Please click Kehoe Law Firm, P.C. for more information about cryptocurrencies, Initial Coin Offerings, and other class action investigations. Bitcoin and other cryptocurrency Investors are also encouraged to review the following SEC and CFTC cryptocurrency- and Initial Coin Offering-related information:

SEC Chairman Jay Clayton Statement on Cryptocurrencies and Initial Coin Offerings (Dec. 11, 2017)

SEC Division of Enforcement and SEC Office of Compliance Inspections and Examinations Statement on Potentially Unlawful Promotion of Initial Coin Offerings and Other Investments by Celebrities and Others (Nov. 1, 2017)

Investor Alert: Public Companies Making ICO-Related Claims (Aug. 28, 2017)

Report of Investigation Pursuant to Section 21(a) of the Securities Exchange Act of 1934: The DAO (July 25, 2017)

Investor Bulletin: Initial Coin Offerings (July 25, 2017)

Investor Alert: Bitcoin and Other Virtual Currency-Related Investments (May 7, 2014)

Investor Alert: Ponzi Schemes Using Virtual Currencies (July 23, 2013)

CFTC Customer Advisory: Understand the Risks of Virtual Currency Trading (December 15, 2017)

A CFTC Primer on Virtual Currencies (October 17, 2017)

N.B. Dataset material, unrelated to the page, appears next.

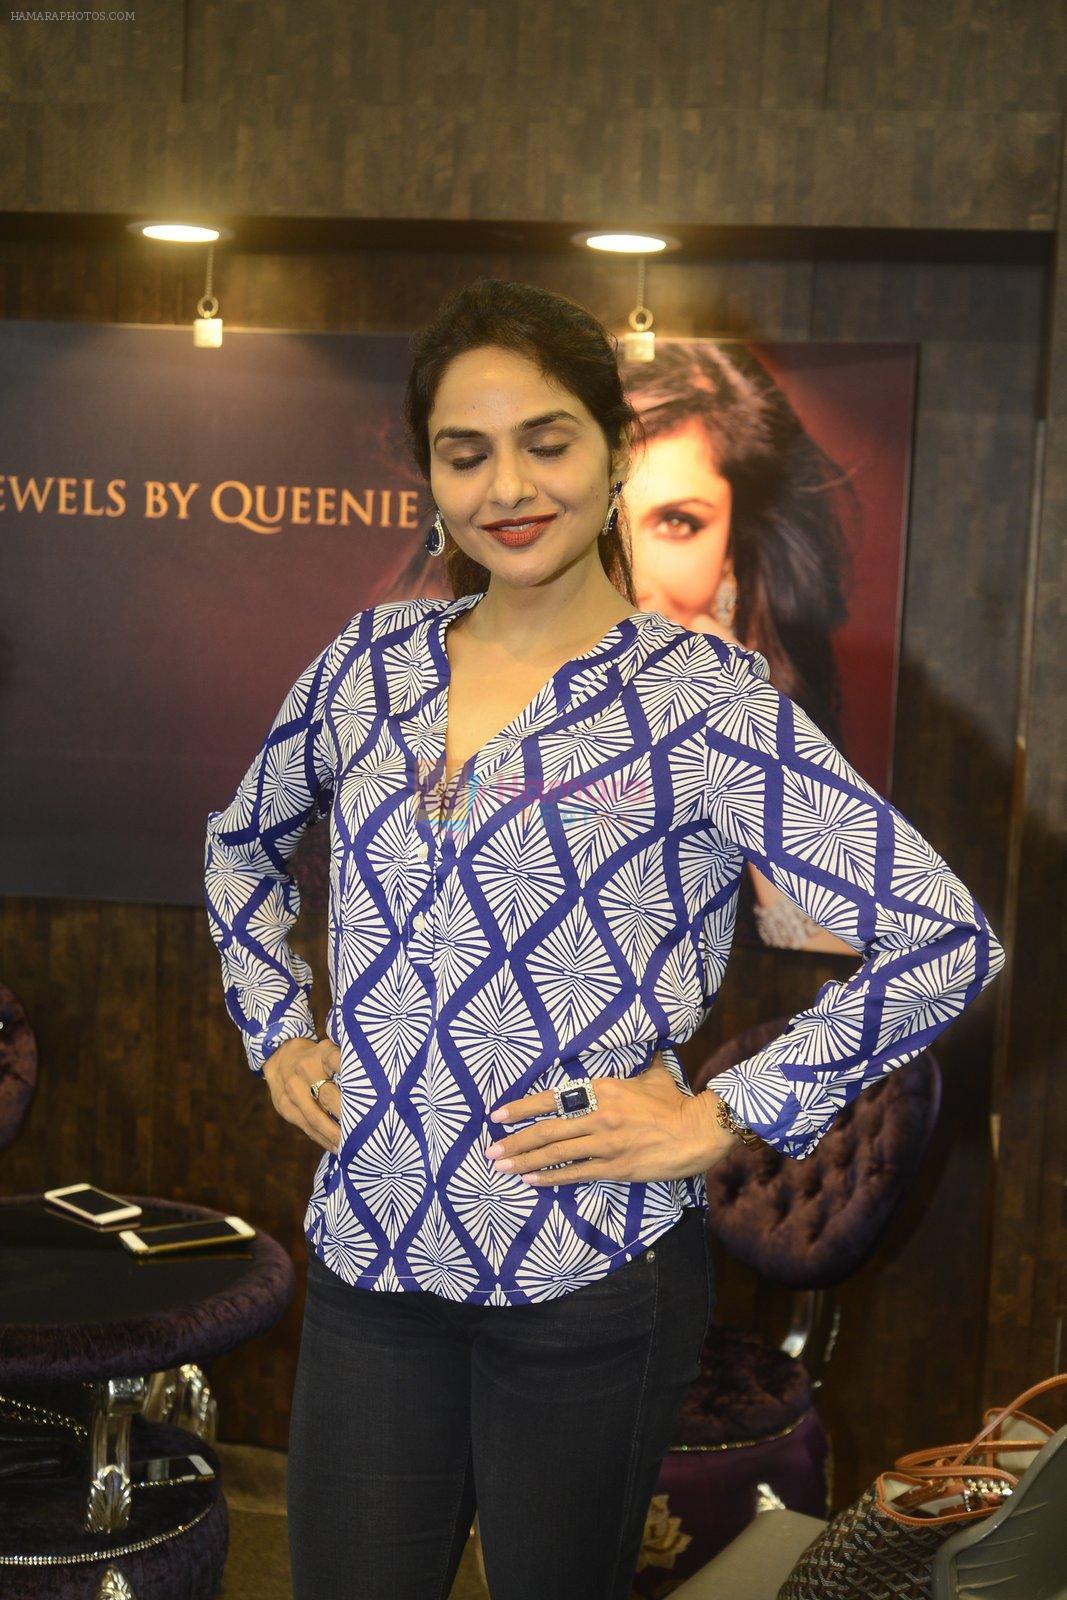 Madhoo Shah on day 2 of JOYA Exhibition on 17th Aug 2016

Source: CFTC.gov and SEC.gov

Kehoe Law Firm, P.C.

CFTC Bitcoin Fraud Enforcement Action

Bitcoin Fraud Enforcement Action: Bitcoin & Binary Options Fraud Scheme: CFTC Charges Colorado Resident Dillon Michael Dean & The Entrepreneurs Headquarters Limited

On January 19, 2018, the Commodity Futures Trading Commission (CFTC) issued a press release stating that on January 18, 2018, the CFTC filed a civil enforcement action in United States District Court, Eastern District of New York, against Defendants Dillon Michael Dean of Longmont, Colorado, and his company, The Entrepreneurs Headquarters Limited, a UK-registered company (“Bitcoin Defendants”).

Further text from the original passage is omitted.